Academic background
- Education: B.A., mathematics and political science, 2000, St. Olaf College M.A., political science, 2002, PhD., political science, 2007, University of Wisconsin–Madison
- Thesis: Missing messages? elections on local television news (2007)
- Doctoral advisor: Barry Burden

Academic work
- Institutions: University of Michigan School of Public Health Wesleyan University

= Erika Franklin Fowler =

American political scientist

Erika Franklin Fowler is an American political scientist. She is a Professor of Government at Wesleyan University, having previously served as a Robert Wood Johnson Scholar in Health Policy Research at the University of Michigan School of Public Health.

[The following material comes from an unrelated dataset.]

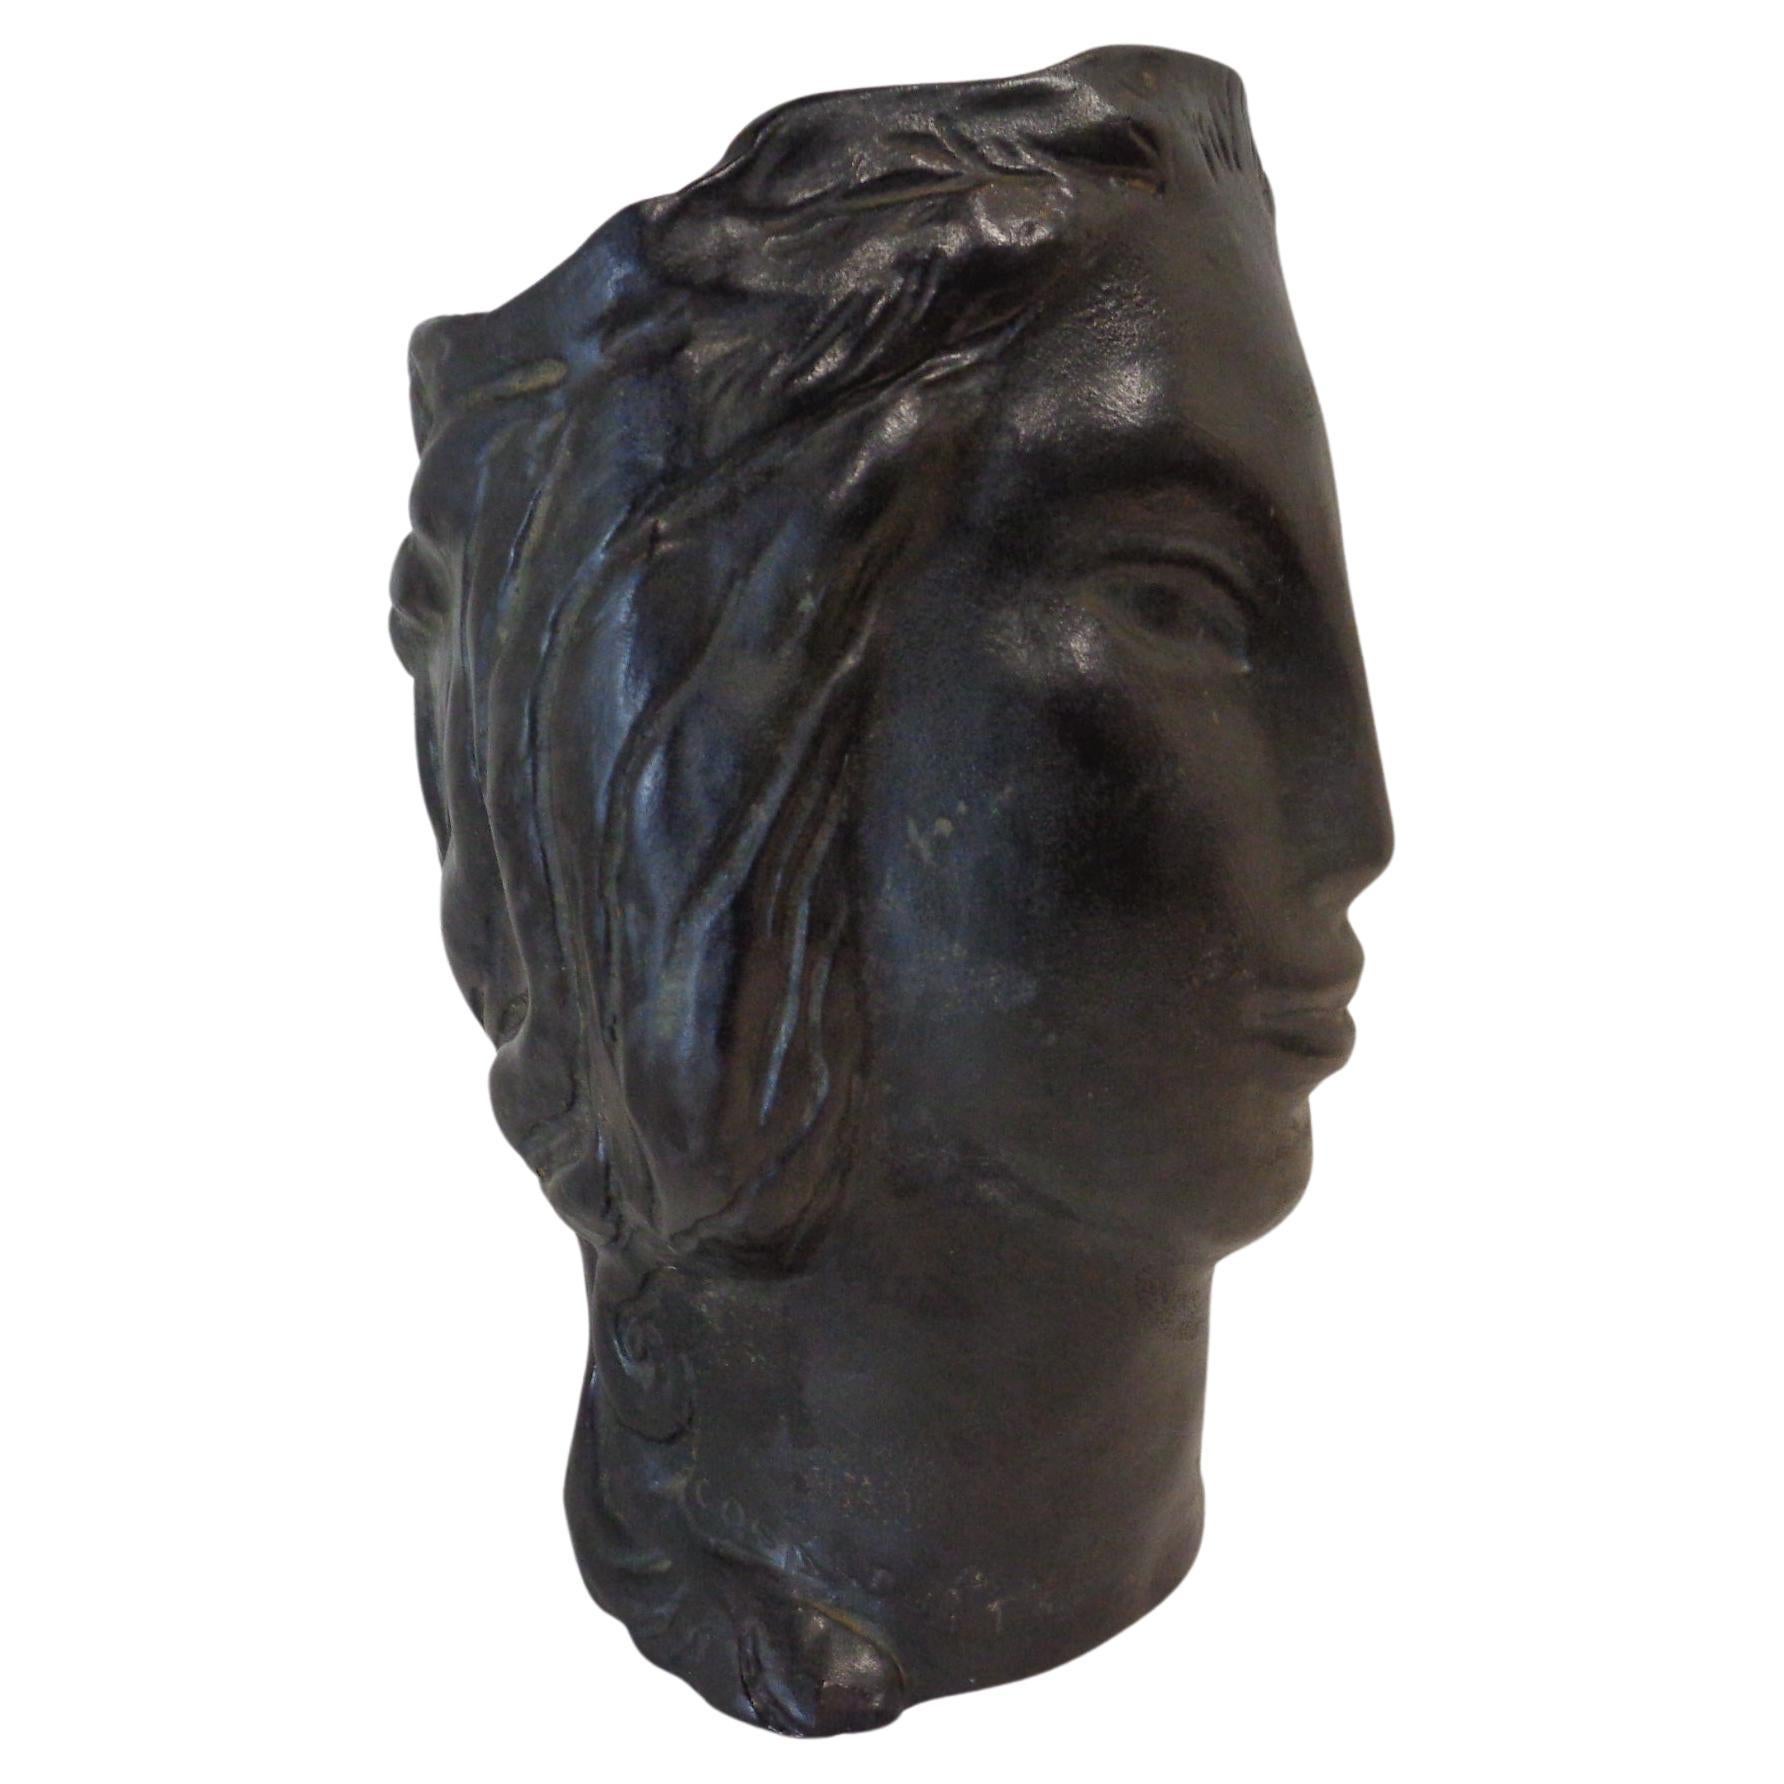   Art Deco Ceramic Exotic Head Vase Sculpture by Edith Varian Cockcroft 3
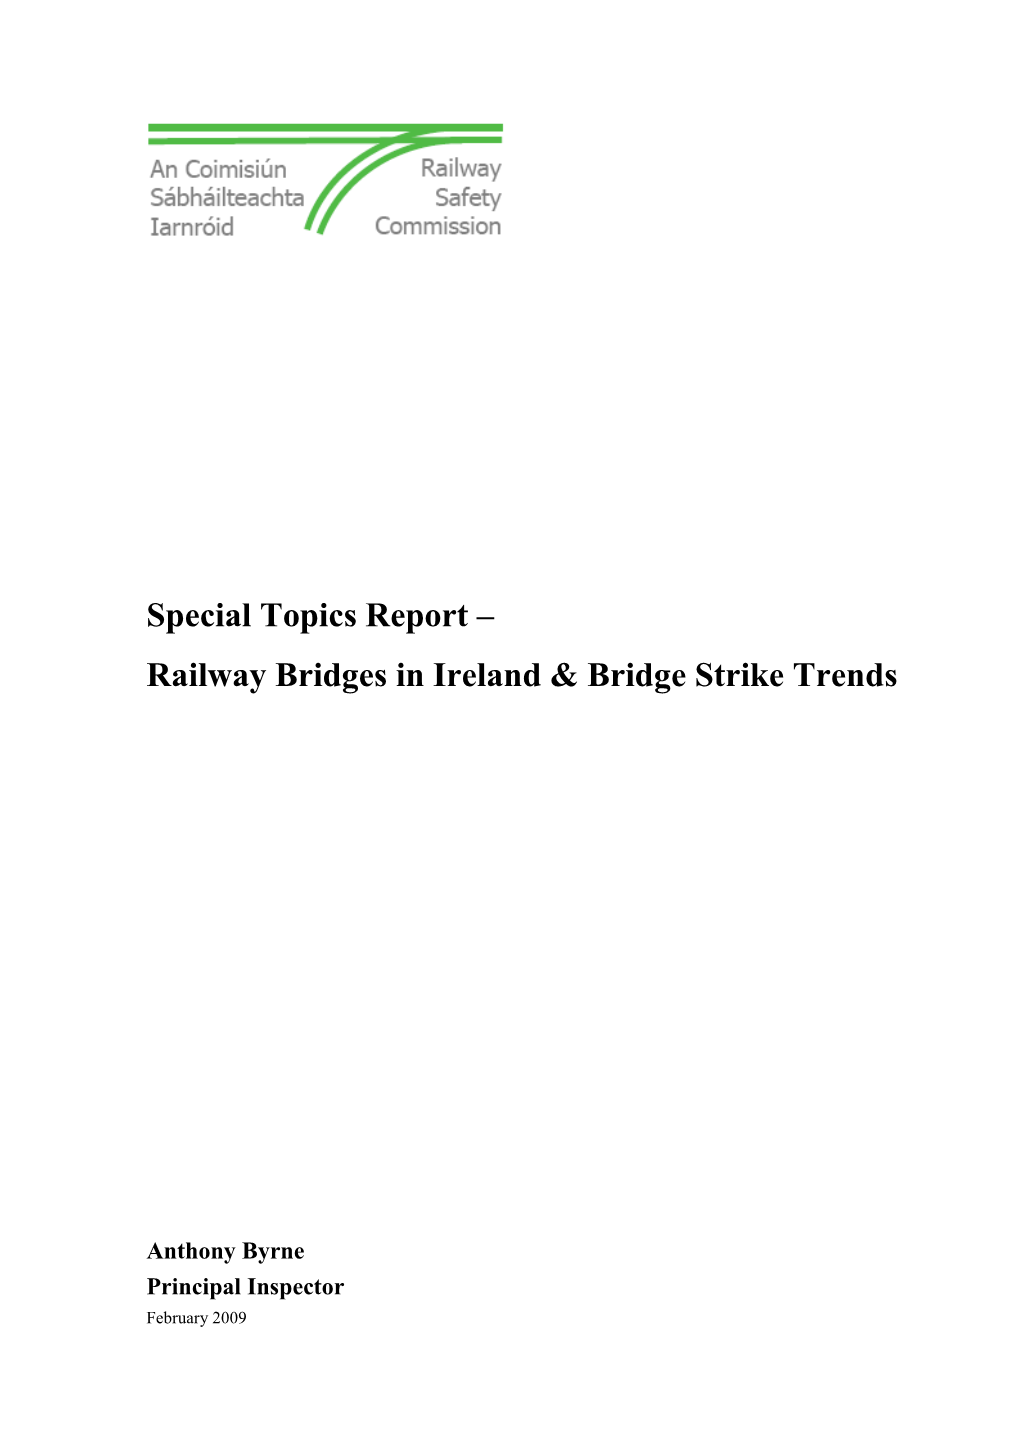 Railway Bridges in Ireland and Bridge Strike Trends Executive Summary

==Early life and education==
Franklin Fowler was born to two public school teachers. She earned her Bachelor of Arts from St. Olaf College and her Master's degree and PhD in political science from the University of Wisconsin–Madison. Her thesis was titled Missing messages? elections on local television news and Barry Burden sat on her committee. While earning her PhD, one of Franklin Fowler's faculty advisors directed the Wisconsin Advertising Project and, upon his retirement, Franklin Fowler and others took over. She also co-authored a study titled Medical News for the Public to Use? What's on Local TV News which used a representative sample of the top 50 news markets to conclude that 76% of all stories involved a medical condition.

==Career==
Upon earning her PhD, Franklin Fowler accepted a two year Robert Wood Johnson Scholarship in Health Policy Research at the University of Michigan School of Public Health. In 2010, she became an assistant professor of government at Wesleyan University and co-directed their newly launched Wesleyan Media Project (WMP). The aim of the project was to provide a non-partisan, neutral analysis of all political television advertising during the 2010 United States elections to the public. They quantified data collected during the election and concluded that the tone of advertisements during the campaign were equal to those in 2008. Following the same idea, in 2013 she co-published Negative, angry, and ubiquitous: Political advertising in 2012 with Travis N. Ridout. Together, they quantified the data of 3 million campaign ads during the 2012 United States elections and concluded that three-quarters of all ads in the presidential race were negative in tone.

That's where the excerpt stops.